# the next meet



## andyboygsi (Aug 30, 2007)

any ideas about where or when the next meet is to be?


----------



## Grizzle (Jul 12, 2006)

June/July maybe theres a few shows on though like may me and dave kg are in St Andrews for the Italian day.


----------



## spitfire (Feb 10, 2007)

So far we've had one in Dunbarton, one in the north east, one in Glasgow so I'm thinking maybe Ayrshire or Borders if there's enough interest in these areas. What da ya think?


----------



## Grizzle (Jul 12, 2006)

Central would be nice lol


----------



## spitfire (Feb 10, 2007)

Custom Detailers said:


> Central would be nice lol


I just thought it would be nice to take it round the country into areas local to peeps.


----------



## S-X-I (Sep 6, 2006)

Ayr would be nice, have a day out at the beach lol


----------



## spitfire (Feb 10, 2007)

S-X-I said:


> Ayr would be nice, have a day out at the beach lol


I'll bring the abernethy's and Salmon sandwiches and you bring the Buckfast.


----------



## S-X-I (Sep 6, 2006)

spitfire said:


> I'll bring the abernethy's and Salmon sandwiches and you bring the Buckfast.

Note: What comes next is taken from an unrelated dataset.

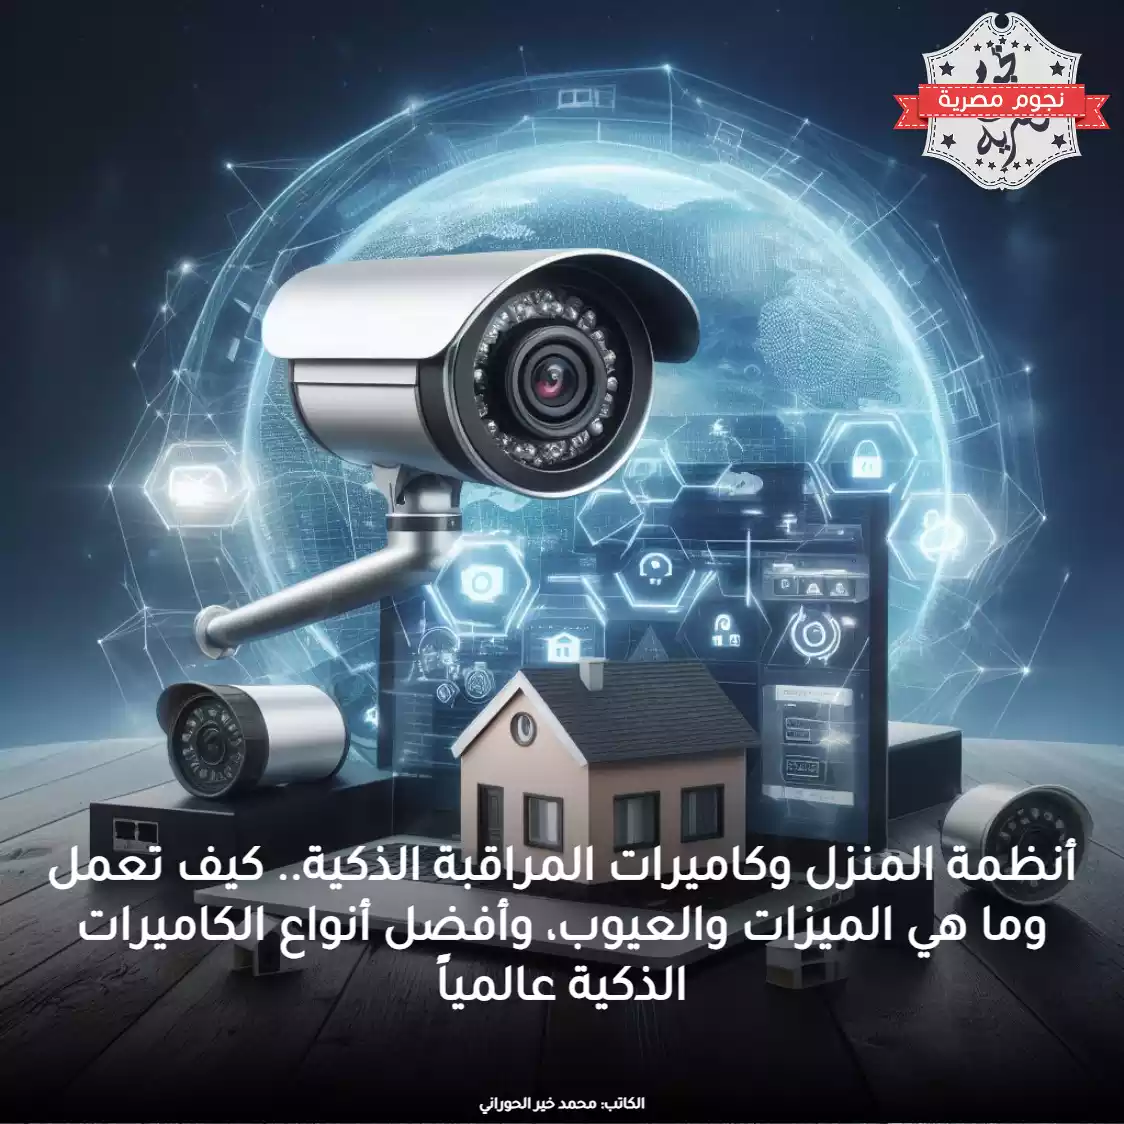 أنظمة المنزل وكاميرات المراقبة الذكية.. كيف تعمل وما هي الميزات والعيوب، وأفضل أنواع الكاميرات الذكية عالمياً

And what are you trying to imply? lol

Not all young people from Lanarkshire hang about the streets with a bottle of 'Bucky' lol (I think i am the minority though lol)


----------



## Grizzle (Jul 12, 2006)

spitfire said:


> I just thought it would be nice to take it round the country into areas local to peeps.


Totally agree just venues are a pain



spitfire said:


> I'll bring the abernethy's and Salmon sandwiches and you bring the Buckfast.


i actually had a little laugh out loud to my self at that... how sad luckily no ones in


----------



## spitfire (Feb 10, 2007)

S-X-I said:


> And what are you trying to imply? lol
> 
> Not all young people from Lanarkshire hang about the streets with a bottle of 'Bucky' lol (I think i am the minority though lol)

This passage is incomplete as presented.